To a query on whether embedding AI in the syllabus for the younger generation was crucial to prepare individuals for what is coming, Tan said that countries in Europe had already implemented AI in their education systems. Also, some companies were already using facial recognition in research and targeted marketing. “If you don’t join the race, you will be out of it,” she said. “You have to learn how to use it.” Responding to a query about why AI is called artificial when it appeared more advanced, Lim said that its ‘intelligence’ was equal to that of humans.
“AI can replace humans when correcting mistakes in manufacturing (for example)…and has taken over some of the technician’s functions,” he said, but added that it was unable to replace humans completely; it takes over jobs so that humans can be more productive. “What makes us more productive is our ability to analyse the results of AI.” Generative AI can give quick answers, analyse and even produce an action plan, thereby making employees more productive; this allows humans to plan better, and take planning to the next level.
Noting that risk management was about how an organisation can anticipate change, Tan used the examples of two local banks in Malaysia to illustrate how AI can both support and be the change that is required. In their efforts to ‘humanise’ their financial services, both banks went to great lengths to implement digital functions but included training at all levels from the top down because they took the approach that an integrated approach could generate growth, safeguard the company, and allow for the management of new trends.
Other areas that need to be considered for risk management include ethics, privacy, data integrity, risk appetite and assessment. She said that Singapore had already established an AI Readiness Index to see how an organisation is ready for growth using AI, and how they are protecting their assets and data. Lim remarked that AI insights were now replacing direct observation, with generative AI capable of detecting overpayment process issues. “Generative AI can detect audit issues,” he said. “With generative AI, users now do not need to have knowledge of a domain to be effective.”
How should AI be managed when it comes to privacy, especially since it is programmed to collect all data? Tan said that this was where the human element should be applied; AI can only mimic human intelligence. “It is up to us to have a policy to say what you can or cannot do,” she said. “Be open to encourage adoption and use, but be wary about what it can do. If you use it for marketing, for example, there should not be bias towards one sector. AI helps, but we need the human brain, intellect and nuances, to decipher challenges, diagnose analytics, see trends and deduce other practices.”

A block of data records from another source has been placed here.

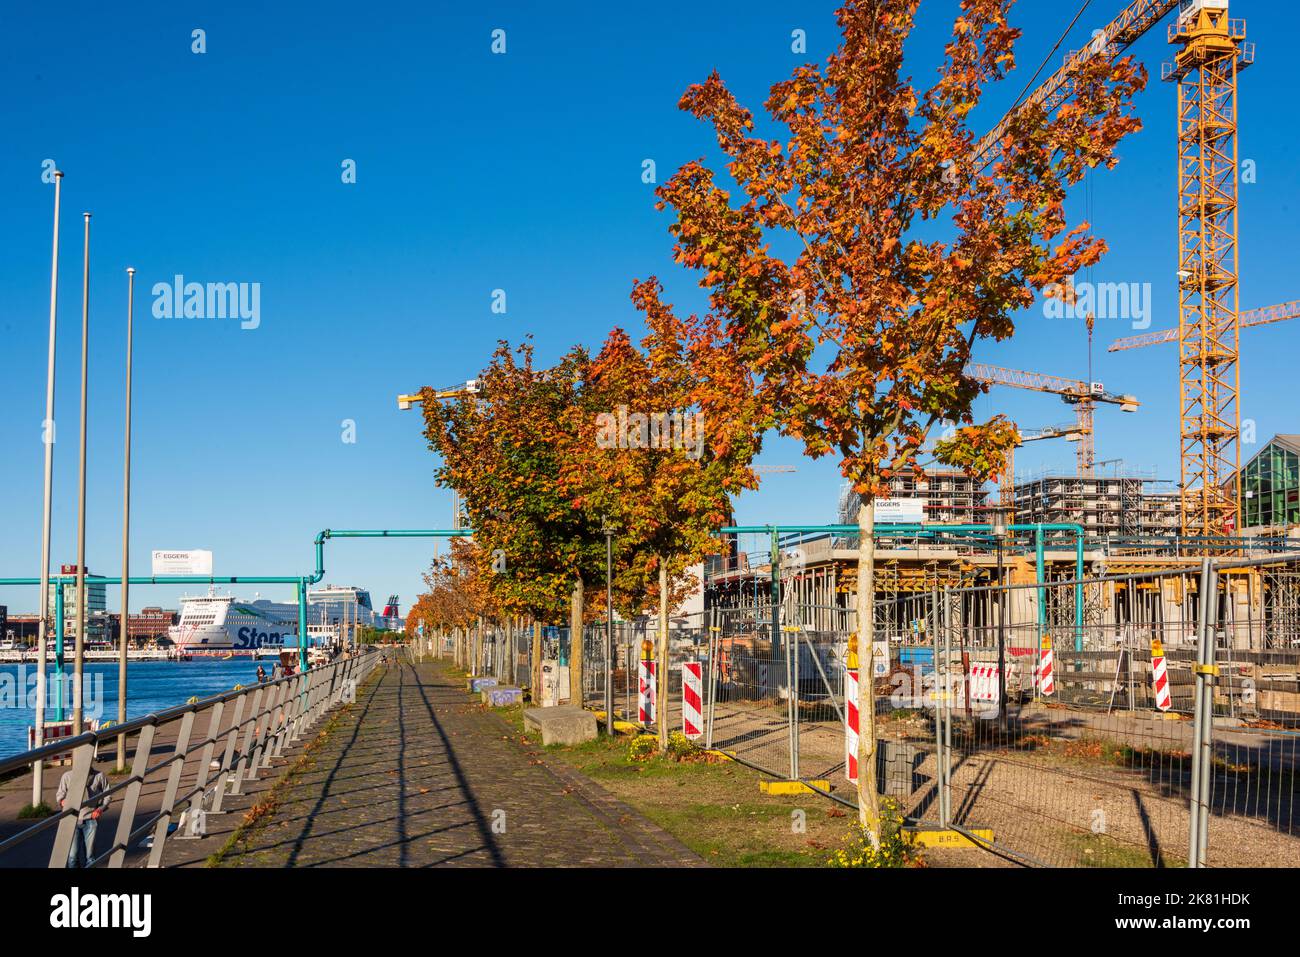 Kaieler Hafen bei herrlichem, Sonnenschein mit Blick auf die Neubauten mit Wohn- und Bürogebäuden am Ostufer der Kieler Förde Bäume mit herbstlichem la Foto Stock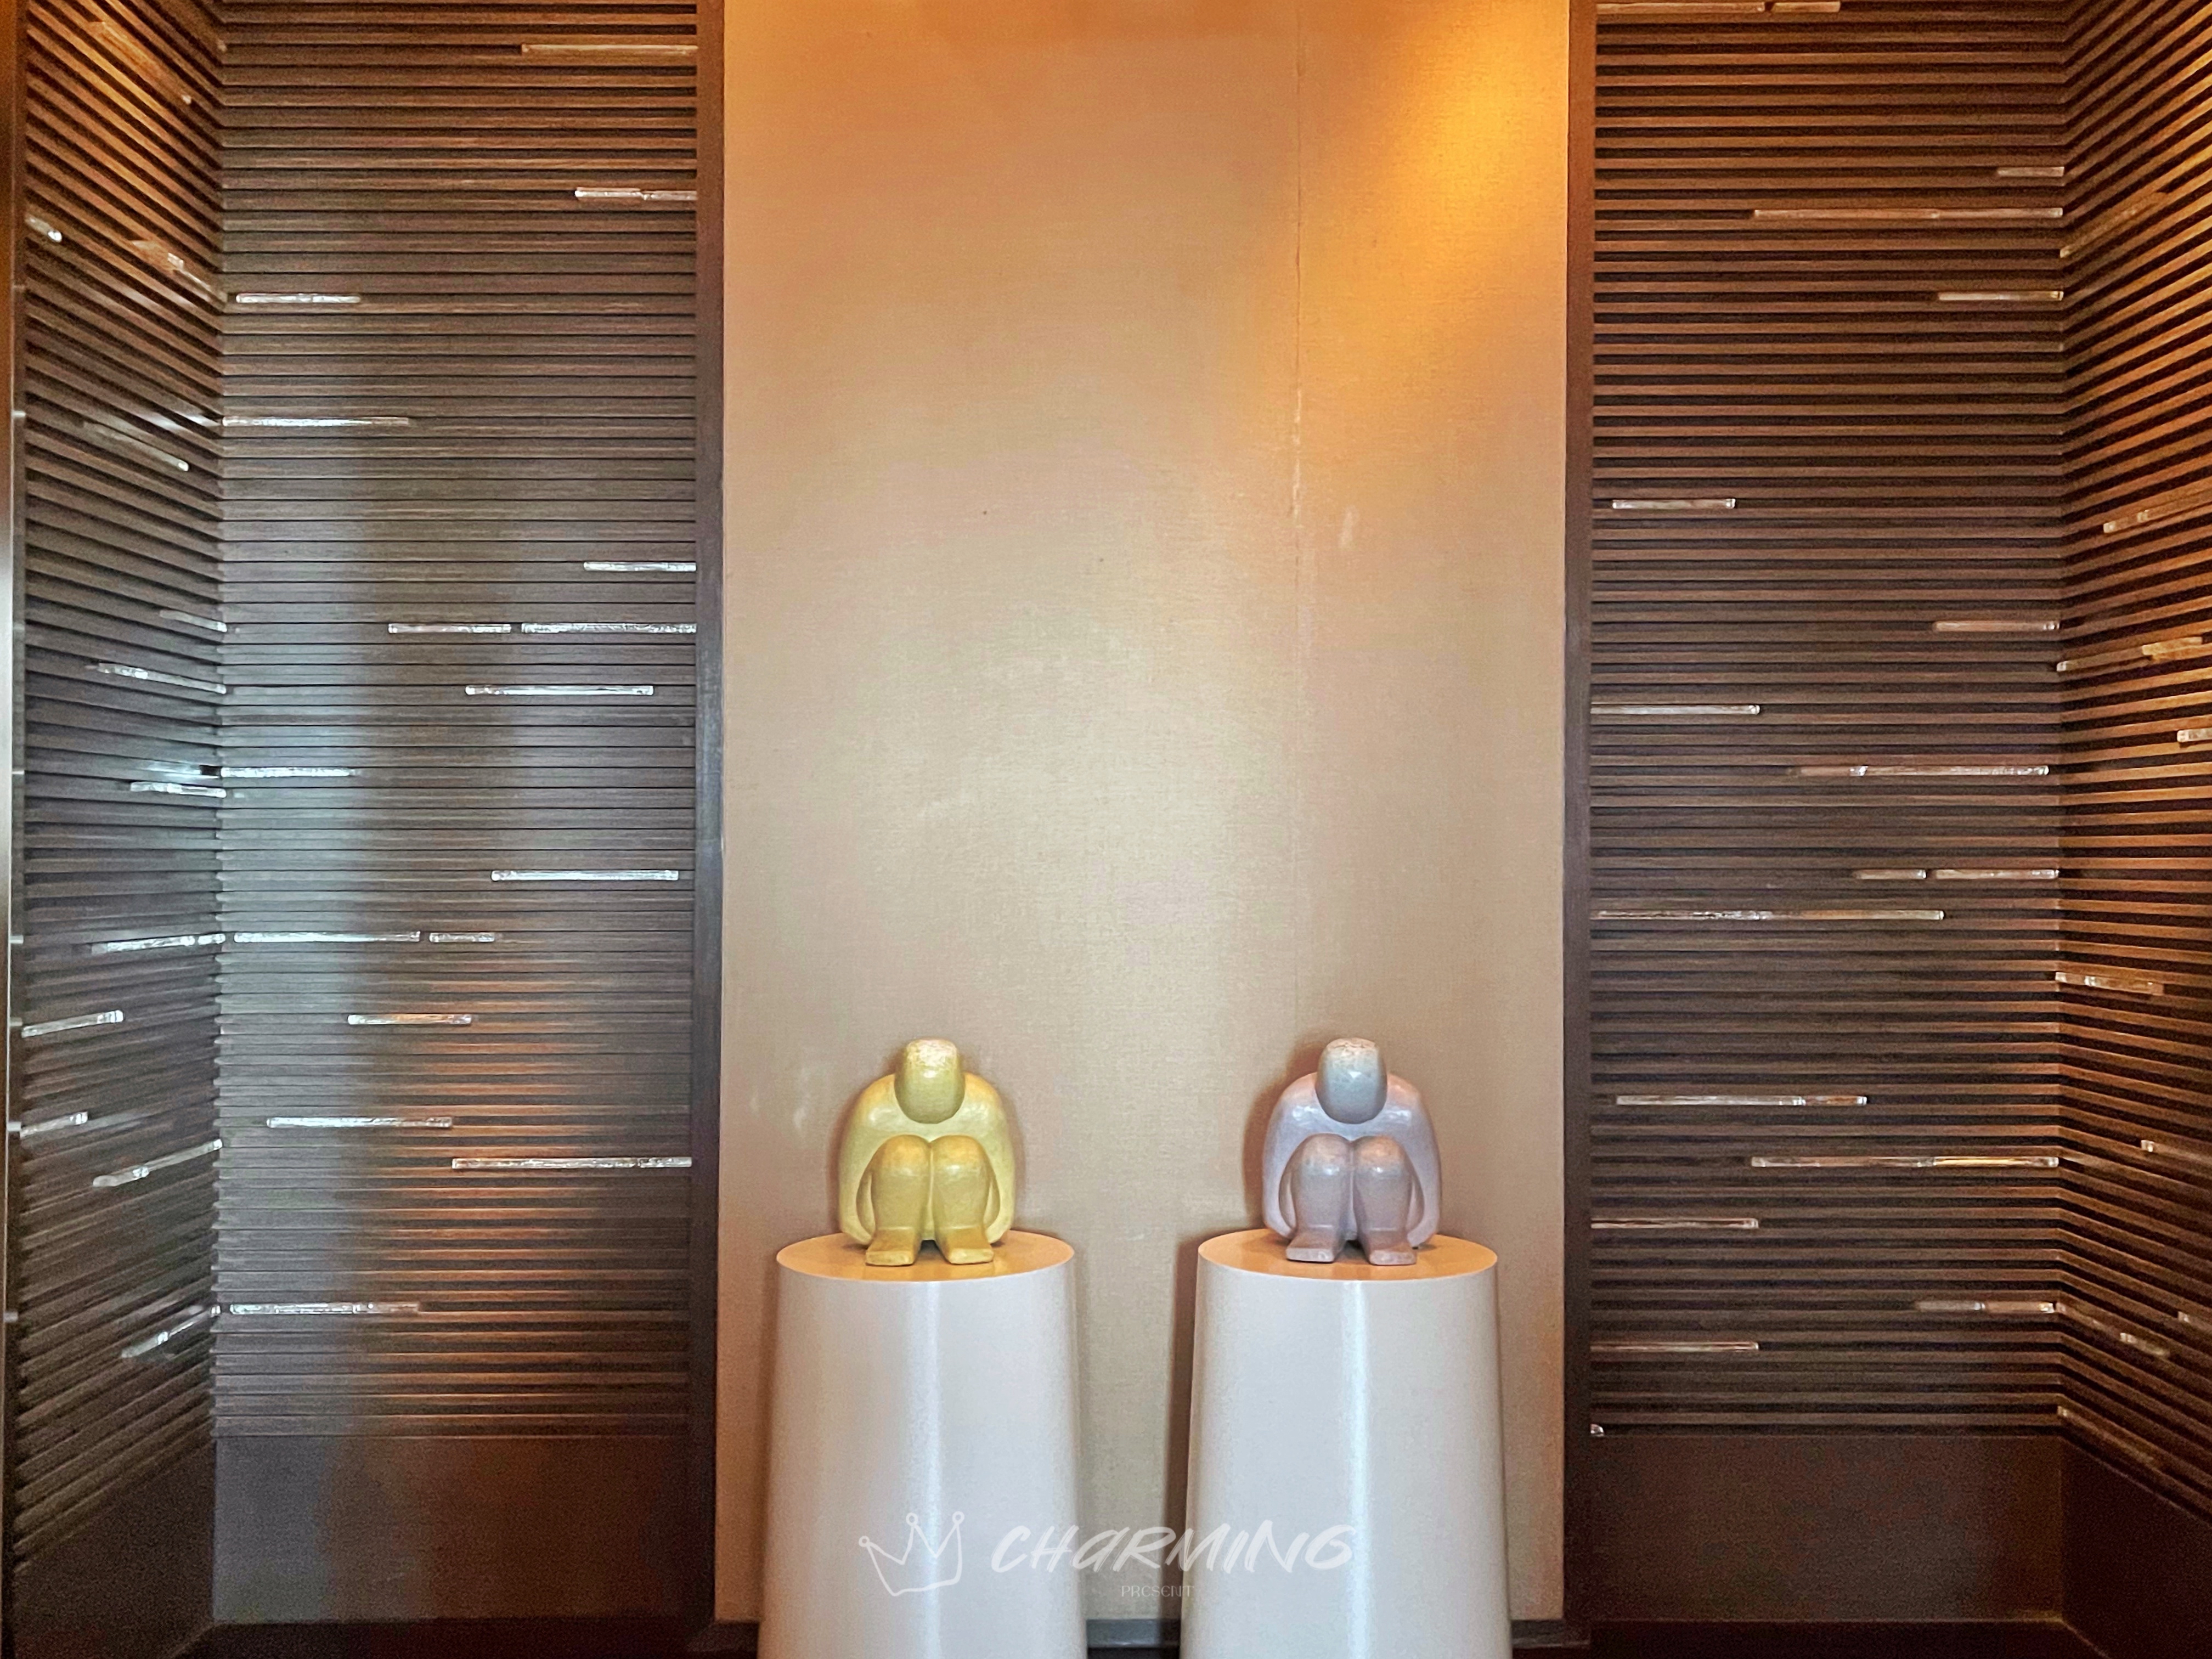 《CHΛRMIПG》上海柏悦中餐厅“悦轩” 难能可贵的奢华酒店上海本帮菜系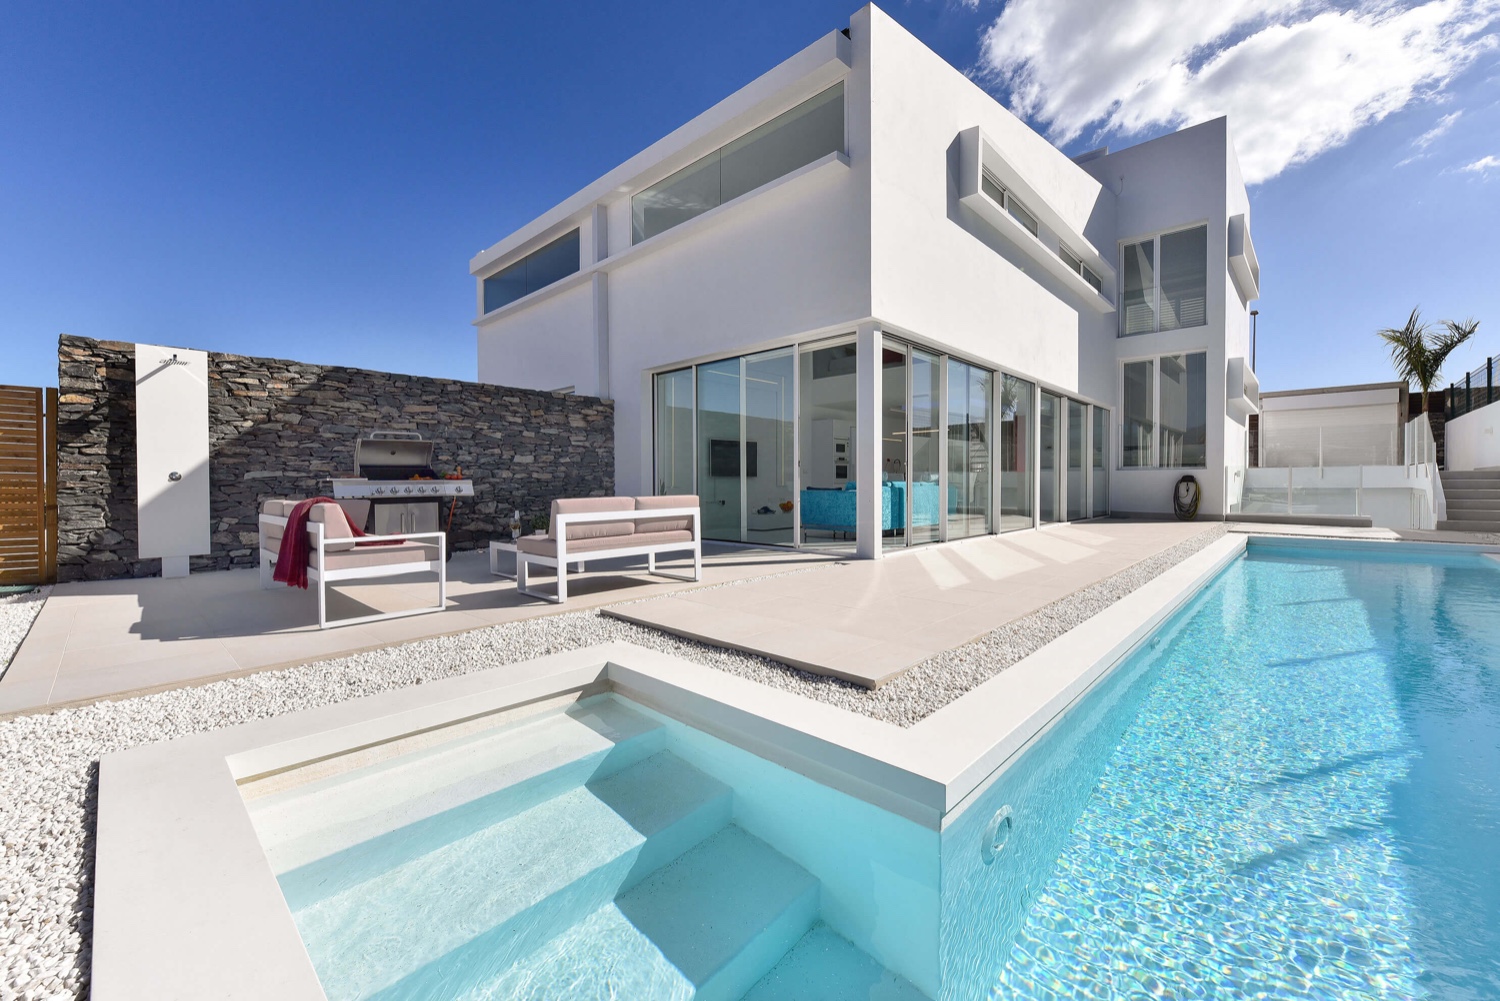 Prachtige moderne villa voor maximaal 8 personen met hoogwaardige apparatuur, groot verwarmd privézwembad en ideale locatie op slechts enkele minuten van het strand van Meloneras en Maspalomas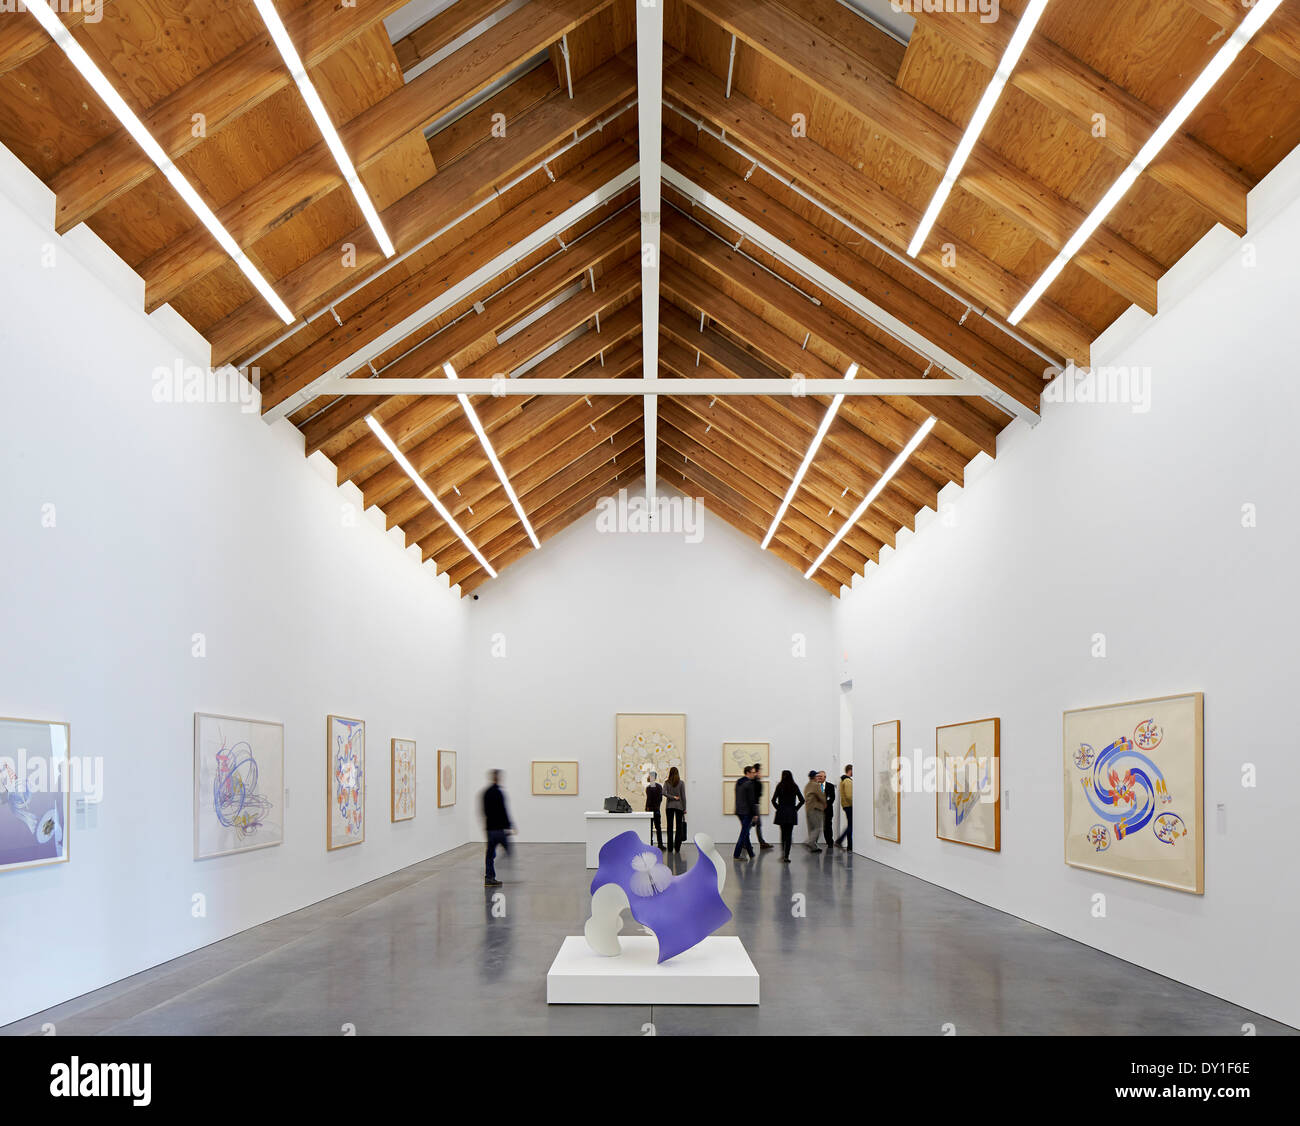 Parrish Art Museum, Wassermühle, Vereinigte Staaten von Amerika. Architekt: Herzog & de Meuron, 2012. Ausstellungsfläche mit schrillen Holzdecke Stockfoto

Dr Husin suggested the formation of a regulating body to look into the emergence of new technologies to curb their abuse. “You need an AI commission to tap into AI machines to know if they are breaching privacy laws,” he said. “There will be rapid automation in the years to come, and human interaction may be too slow to address privacy issues. A regulatory body is necessary, maybe under the Ministry of Science, Technology & Innovation, to regulate the emergence of new technologies. Lim noted that the bias was already evident, in hiring processes for example, where AI tended to discriminate between candidates. “Diversity – ‘DI’ – will become key in years to come,” he said. “How do we ensure there is no bias against diversity? AI can go against DI.”